Date: Tue, 4 Dec 2007 23:43:07 +0100
From: Willy Tarreau <w@1wt.eu>
To: Avi Kivity <avi@argo.co.il>
Cc: Andi Kleen <andi@firstfloor.org>, Kyle Moffett <mrmacman_g4@mac.com>,
       Lennart Sorensen <lsorense@csclub.uwaterloo.ca>,
       Ben Crowhurst <Ben.Crowhurst@stellatravel.co.uk>,
       linux-kernel@vger.kernel.org
Subject: Re: Kernel Development & Objective-C
Message-ID: <20071204224307.GB10983@1wt.eu>
References: <474EAD18.6040408@stellatravel.co.uk> <20071130143445.GA2310@csclub.uwaterloo.ca> <53ADBDBF-9B65-441E-B867-D68DE48ABD64@mac.com> <4751BE0D.3050609@argo.co.il> <p733aukyl8n.fsf@bingen.suse.de> <47539030.10600@argo.co.il> <20071203095022.GA28560@one.firstfloor.org> <4753ECA5.2010604@argo.co.il> <20071203211353.GA4009@1wt.eu> <4755C179.8050101@argo.co.il>
Mime-Version: 1.0
Content-Type: text/plain; charset=us-ascii
Content-Disposition: inline
In-Reply-To: <4755C179.8050101@argo.co.il>
User-Agent: Mutt/1.5.11
Sender: linux-kernel-owner@vger.kernel.org
Content-Length: 14081
Lines: 302

Hi Avi,

On Tue, Dec 04, 2007 at 11:07:05PM +0200, Avi Kivity wrote:
> Willy Tarreau wrote:
> >>>>   
> >>>>        
> >>>With 10Gbit/s ethernet working you start to care about every cycle.
> >>> 
> >>>      
> >>If you have 10M packets/sec no amount of cycle-saving will help you.  
> >>You need high level optimizations like TSO.  I'm not saying we should 
> >>sacrifice cycles like there's no tomorrow, but the big wins are elsewhere.
> >>    
> >
> >Huh? At 4 GHz, you have 400 cycles to process each packet. If you need to
> >route those packets, those cycles may just be what you need to lookup a
> >forwarding table and perform a few MMIO on an accelerated chip which will
> >take care of the transfer. But you need those cycles. If you start to waste
> >them 30 by 30, the performance can drop by a critical factor.
> >
> >  
> 
> I really doubt Linux spends 400 cycles routing a packet.  Look what an 
> skbuff looks like.

That's not what I wrote. I just wrote about doing forwarding table lookup
and MMIO so that dedicated hardware NICs can process the recv/send to the
correct ends. If you just need to scan a list of DMAed packets, look at
their destination IP address, lookup that IP in a table to find the output
NIC and destination MAC address, link them into an output list and waking
the output NIC up, there's nothing which requires more than 400 cycles
here. I never said that it was a requirement to pass through the existing
network stack.

> A flood ping to localhost on a 2GHz system takes 8 microseconds, that's 
> 16,000 cycles.  Sure it involves userspace, but you're about two orders 
> of magnitude off.

I don't see where you see a userspace (or I don't understand your test).
On traffic generation I often do from user space, I can send 630 k raw
ethernet packets per second from userspace on a 1.8 GHz opteron and PCI-e
NICs. That's 2857 cycles per packet, including the (small amount of)
userspace work. That's quite cheap.

> And the localhost interface is nicely cached in L1 without mmio at all,
> unlike real devices.

(...)
> This happens very often in HPC, and when it does, it is often worthwhile 
> to invest in manual optimizations or even assembly coding.  
> Unfortunately it is very rare in the kernel (memcmp, raid xor, what 
> else?).  Loops with high iteration counts are very rare, so any 
> attention you give to the loop body is not amortized over a large number 
> of executions.

Well, in my example above, everythin in the path of the send() syscall down
to the bare metal NIC is under high pressure in a fast loop. 30 cycles
already represent 1% of the performance! In fact, to modulate speed, I
use a busy loop with a volatile int and small values.

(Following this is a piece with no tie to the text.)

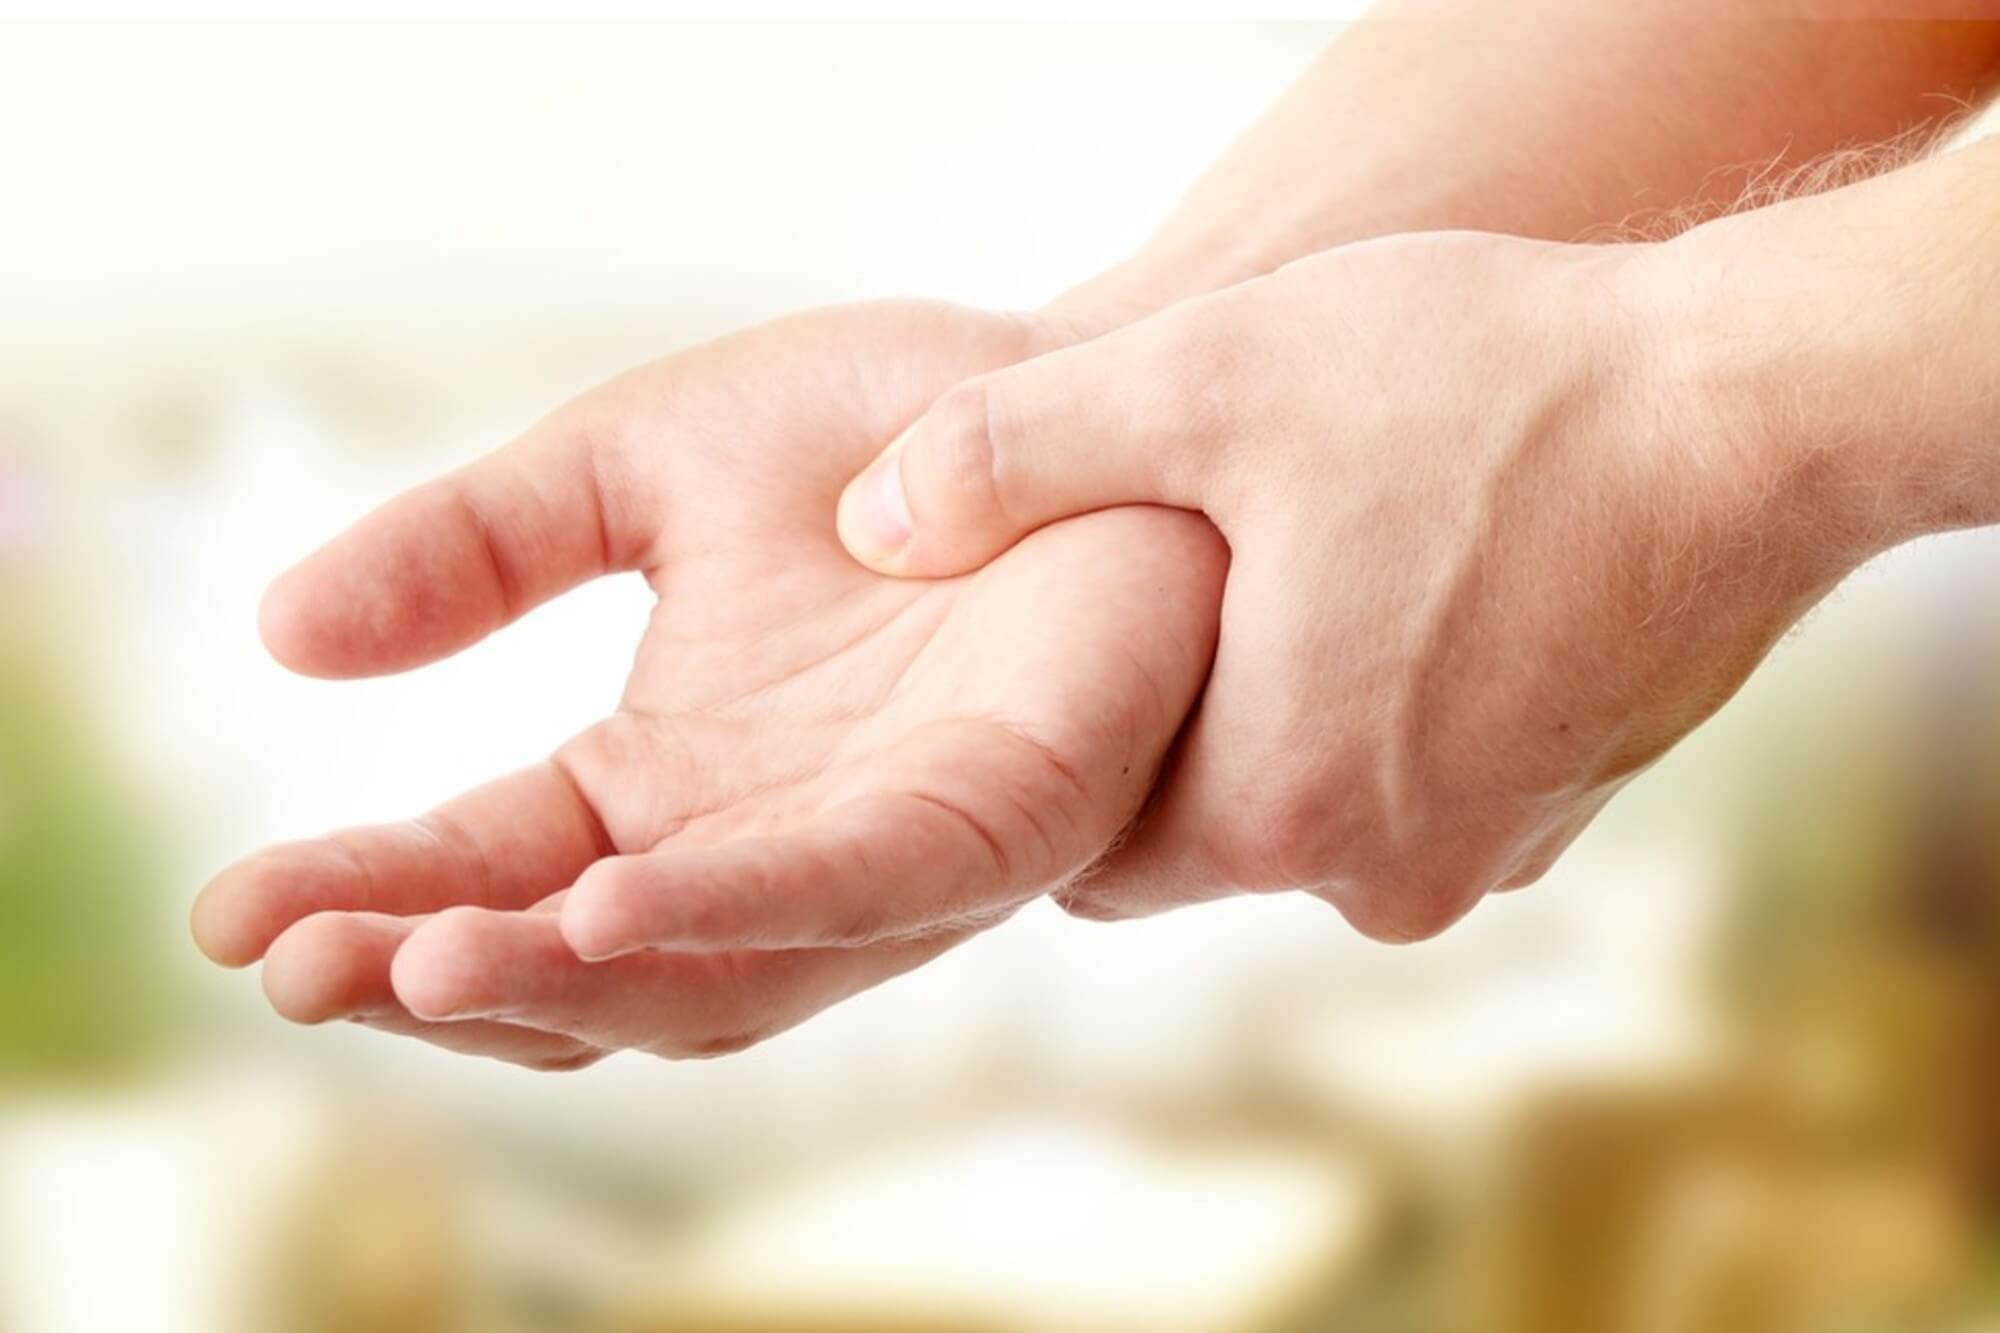 az ujjak ízületeinek éjszakai fájdalmai

> >And such poorly efficient code may happen very often when you blindly rely
> >on function pointers instead of explicit calls.
> >  
> 
> Using an indirect call where a direct call is sufficient will also 
> reduce the compiler's optimization opportunities.

That's true.

> However, I don't see 
> anyone recommending it in the context of systems programming.
> 
> It is not true that the number of indirect calls necessarily increases 
> if you use a language other than C.
> 
> (Actually, with templates you can reduce the number of indirect calls)
> 
> >>Here, it's scheduling that matters, avoiding large transfers, and 
> >>avoiding ping-pongs, not some cycles on the unix domain socket.  You 
> >>already paid 150 cycles or so by issuing the syscall and thousands for 
> >>copying the data, 50 more won't be noticeable except in nanobenchmarks.
> >>    
> >
> >You are forgetting something very important : once you start stacking
> >functions to perform the dirty work for you, you end up with so much
> >abstraction that even new stupid code cannot be written at all without
> >relying on them, and it's where the problem takes its roots, because
> >when you need to write a fast function and you notice that you cannot
> >touch a variable without passing through a slow pinhole, your fast
> >function will remain slow whatever you do, and the worst of all is that
> >you will think that it is normally fast and that it cannot be written
> >faster.
> >
> >  
> 
> I don't understand.  Can you give an example?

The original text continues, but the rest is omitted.